Norton hat dabei ein durchaus starkes Argument. Das Klima, Tierarten oder Ozeane brauchen keine eigenen Rechte, um geschützt zu werden. Der traditionelle Naturschutz bietet genug Voraussetzungen dafür. Der eigentliche Mehrwert der Rechte der Natur liegt aber nicht beim Schutz, sondern bei der Diskussion über den Schutz. Der Vorteil, Mitglied der bereits erwähnten moralischen Gemeinschaft zu sein, liegt darin, dass nicht über jemandes Kopf (oder Fühlern) hinweg entschieden wird, sondern dass die jeweilige Natur Mitbestimmungsrechte für ihre eigene Existenz hat. Ein weiteres Gedankenexperiment hilft, die Wichtigkeit dieses Punktes zu veranschaulichen.
Man stelle sich eine Welt vor, in der alle Geschlechter vollkommen gleichgestellt sind: gleiche Chancen, gleiche Löhne, gleiches Leben. Es gibt nur einen Unterschied: Für den nicht-männlichen Teil der Bevölkerung existiert nur eine indirekte Garantie, dass diese Gleichstellung weiterhin bestehen bleibt. Sie ist lediglich das Ergebnis eines männlichen Rechts auf ein gleichgestelltes Gegenüber. Wie beim Last Man fühlt sich auch bei dieser Vorstellung irgendetwas nicht richtig an. Diese Intuition speist sich aus dem Verständnis, dass die emanzipatorische Kraft von Eigenrechten ein wichtiger Bestandteil einer gerechten Gesellschaft ist. Indirekte Garantien reichen hierfür schlicht nicht aus.

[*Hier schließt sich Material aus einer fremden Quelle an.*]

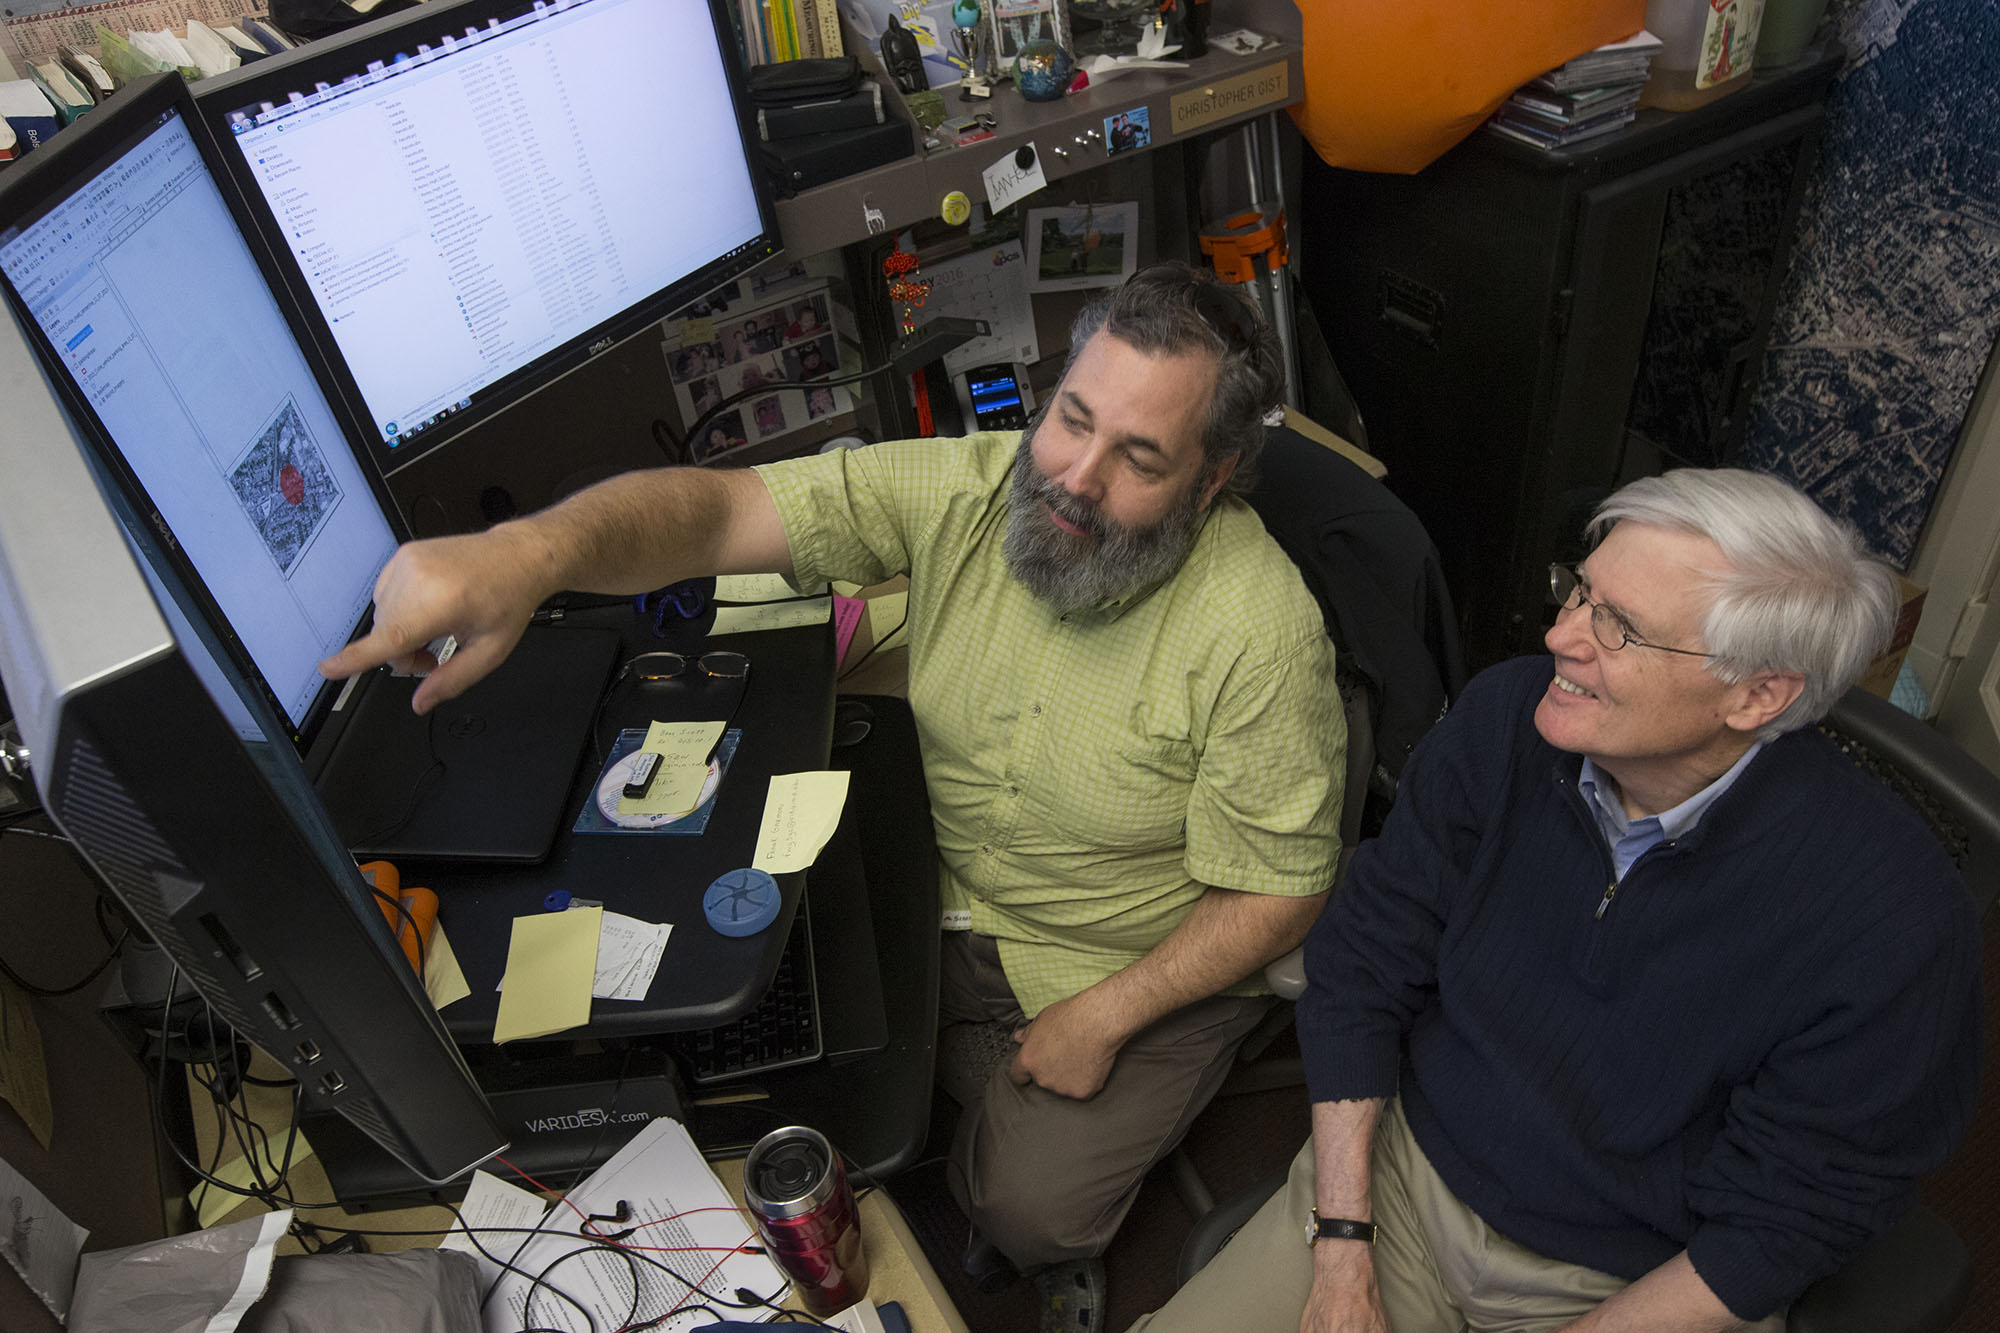 Chris Gist, left, and Benjamin Ray, right, used geographic information systems technology in UVA’s Scholar’s Lab to help identify the execution site in Salem. (Photo by Dan Addison)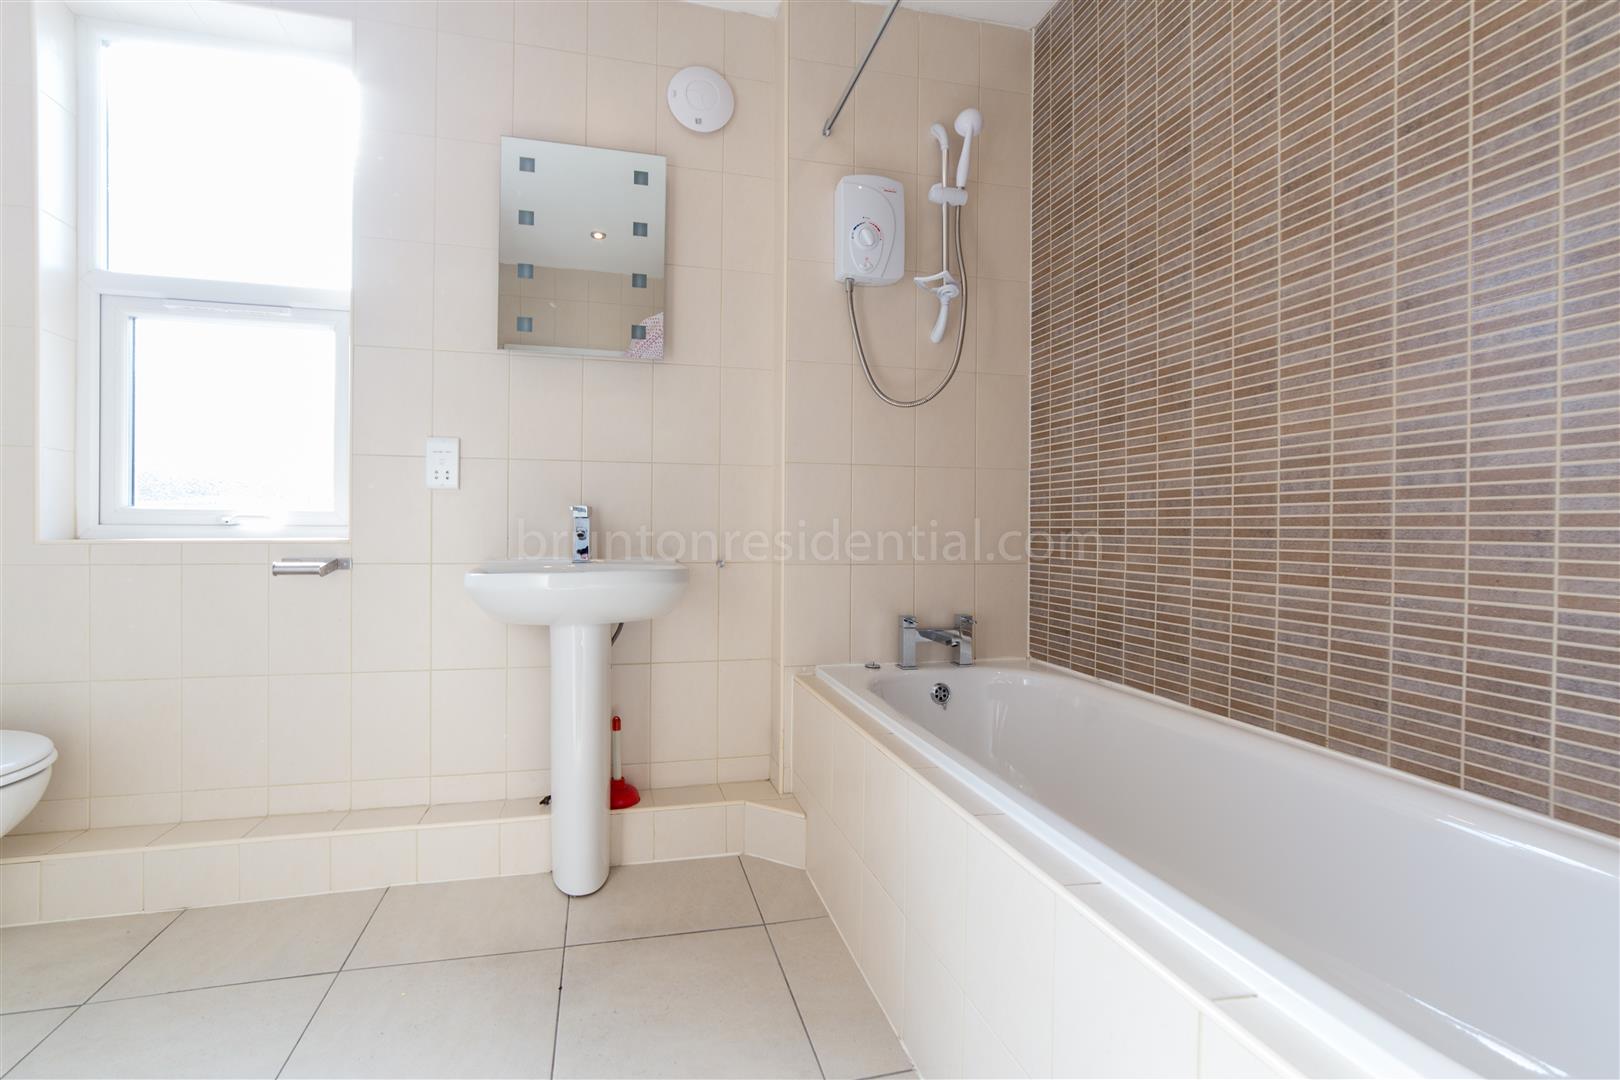 4 bed maisonette to rent in Chillingham Road, Newcastle Upon Tyne  - Property Image 8

Zugegeben, mehr Rechtsträger*innen verkomplizieren Entscheidungsfindungen. Sie machen diese jedoch nichtsdestotrotz gerechter – und sind deshalb Alternativen vorzuziehen. Mit den Rechten der Natur verhält es sich genauso. Es geht um die rechtliche Absicherung einer „natürlichen“ Emanzipation und somit einer gerechten Ko-Existenz von Mensch und Umwelt.
Ein Erfolgsrezept
Die Rechte der Natur fügen sich ein in ein hochkomplexes moralisches und rechtliches Gefüge. Sie interpretieren traditionelle Konzepte neu, laufen aber auch Gefahr, deren Probleme zu reproduzieren: Welche Natur soll geschützt werden? Wie weit können deren Interessen wirklich erkannt werden? Sind Rechte das richtige Werkzeug? Das Erfolgsgeheimnis liegt in einer vorsichtigen, aber durchaus durchdachten und bestimmten Anerkennung von neuen Inhalten in existierenden Kontexten. Die Rechte der Natur sind aber kein Wundermittel. Ein gerodeter Wald wird durch Rechte nicht wieder aufgeforstet. Ein totes Tier wird durch Rechte nicht wiederbelebt. Ein vergifteter Fluss wird mit Rechten nicht wieder sauber. Eingebettet in existierende Strukturen hat die Idee aber das Potential, Machtverhältnisse durch ihre bloße Existenz in Frage zu stellen – und bestenfalls zu ändern.
In Europa ist das Mar Menor das erste und bisher einzige Ökosystem mit national verankerten Rechten. Diese Pionierposition hat das Bewusstsein in der Region bereits erkennbar verändert: Die Universität von Murcia bietet regelmäßig Seminare und Infoveranstaltungen zu den Rechten der Natur an. Auch die übermäßige Bewässerung der umliegenden Felder hat abgenommen. Ein Hauptgrund dafür ist, dass manche Bäuer*innen auf nachhaltigere Landwirtschaft setzen. Ob diese Entwicklung nun direkt auf den neuen Rechtsstatus zurückzuführen oder einem allgemeineren Umdenken zu verdanken ist, lässt sich nicht endgültig feststellen. Eines jedoch wird immer klarer: Auf die Frage, für wen wir die Natur schützen, lautet die Antwort ganz natürlich: für uns. Nur ist dieses „wir“ und dieses „uns“ bedeutend inklusiver als bisher angenommen.